Here is why: a language model is, at its core, a large set of numbers — billions of parameters — that need to be loaded and accessed at high speed during inference. If the entire model fits in VRAM, the GPU handles everything in-memory at maximum speed. If it does not fit, the model spills into system RAM, and the GPU spends time waiting for data over a much slower bus. The performance penalty is severe: 3–5× slower, sometimes more.

Model size and VRAM requirements are roughly predictable. The key variables are parameter count and quantization. Quantization reduces the precision of each stored number — a full-precision (f16) 32B model needs roughly 64 GB of VRAM, which is currently only available on enterprise hardware. But quantized models trade a small amount of quality for a dramatic reduction in size. A 32B model at Q4_K_M quantization (4-bit with a moderate quality optimisation) fits in about 20 GB — within reach of consumer hardware.

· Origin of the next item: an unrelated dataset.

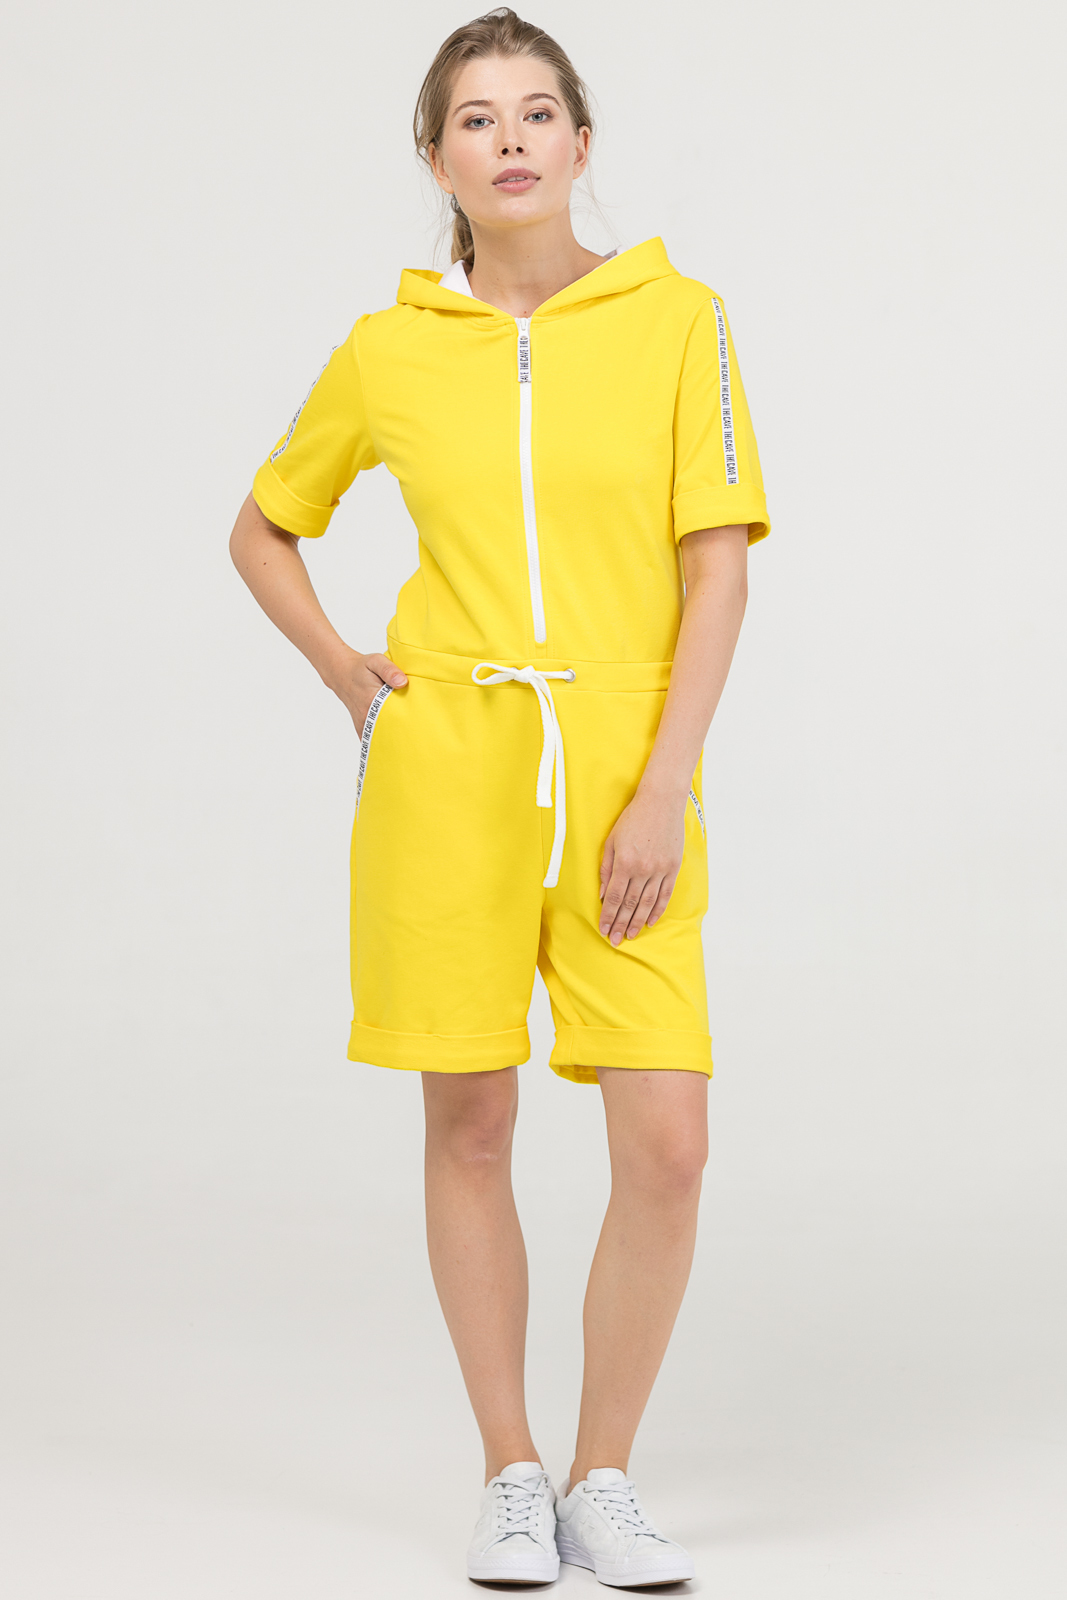 Купить со скидкой Комбинезон Summer желтый женский из текстиля

This narrows the GPU choice considerably. With 16 GB of VRAM, you are limited to 13B models. With 24 GB, 32B models fit cleanly. With less than 16 GB, you are looking at 7–8B models, which are capable but noticeably weaker on complex tasks.

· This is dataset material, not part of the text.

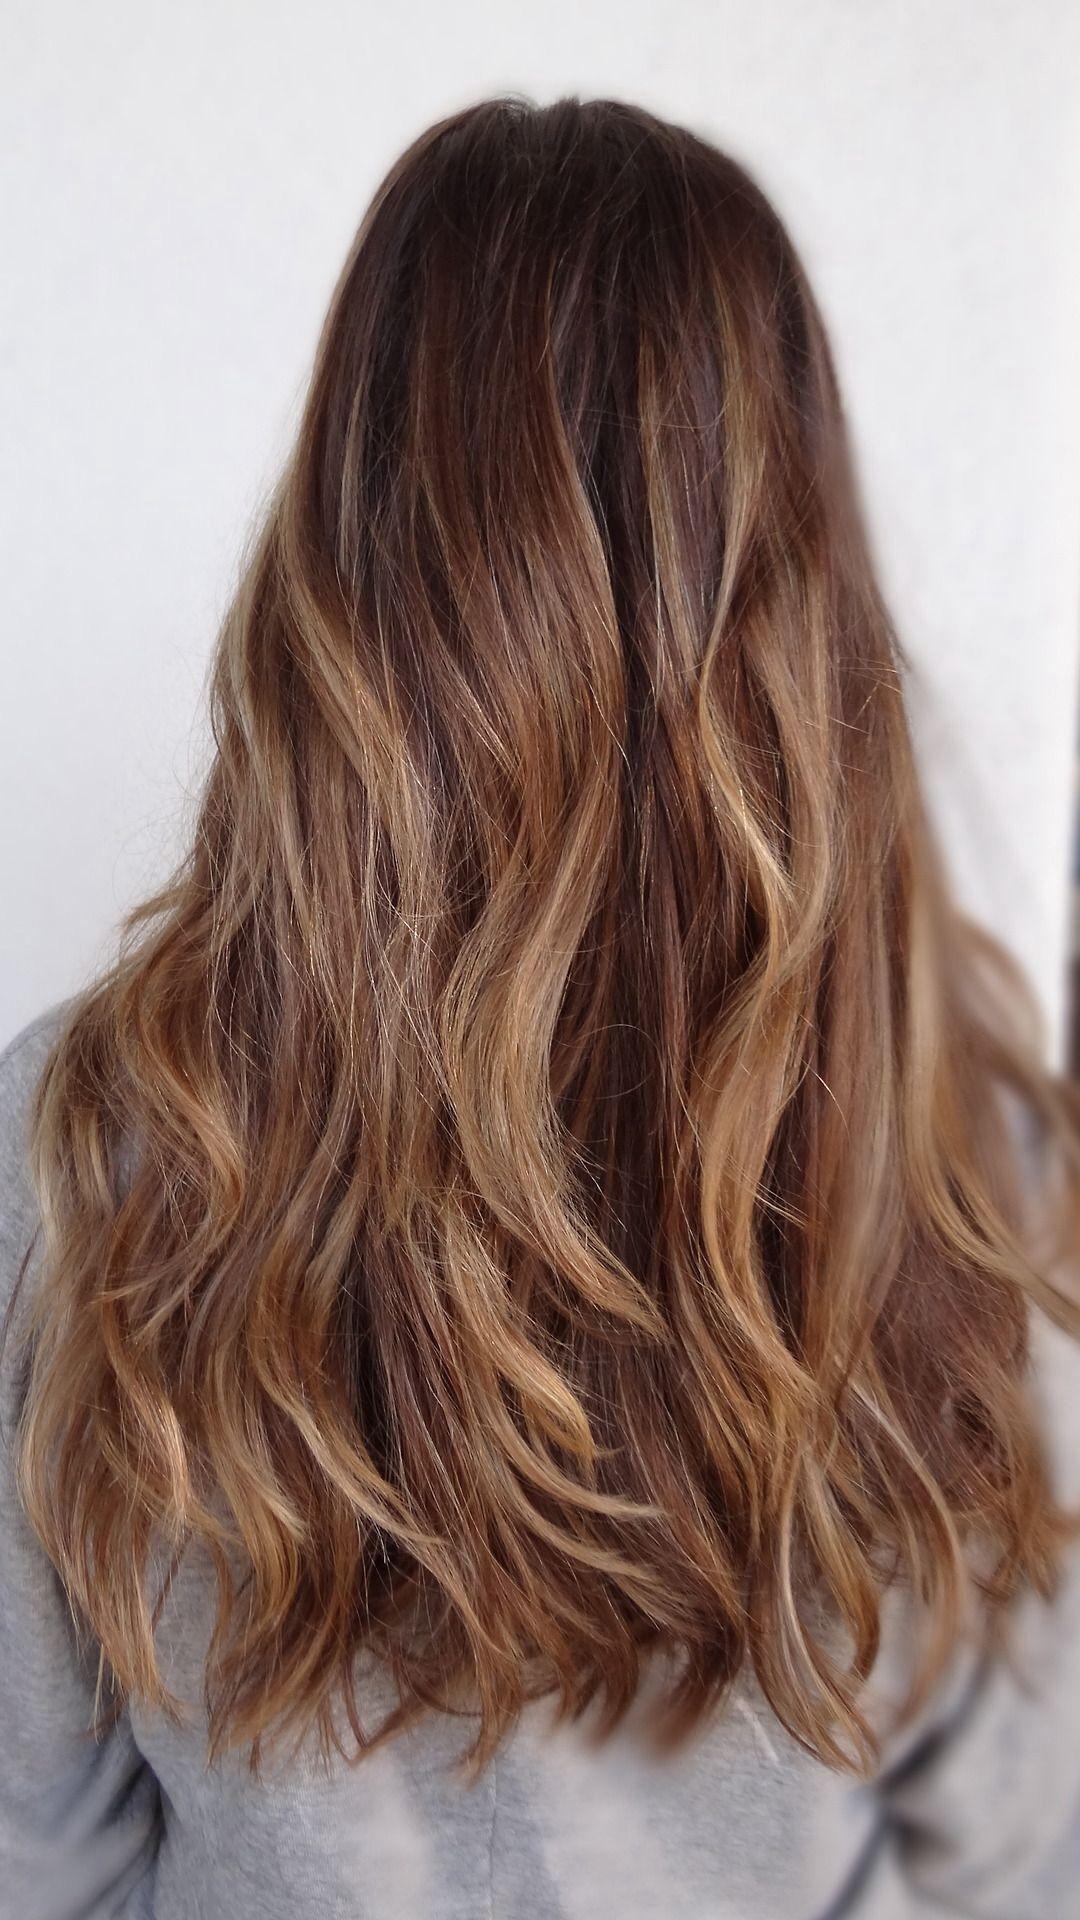 This Is Definitely Happening Tomorrow Hair Pinterest Kolay Saç

The NVIDIA RTX 3090 has 24 GB of VRAM and, at the time of writing, can be found secondhand for around €600–700. Newer cards in the same price bracket typically have less VRAM (the RTX 4080 has 16 GB, for example), because NVIDIA has largely reserved high-VRAM configurations for their professional lines. For LLM use specifically, the 3090 remains a strong choice: more VRAM per euro than almost anything else on the consumer market.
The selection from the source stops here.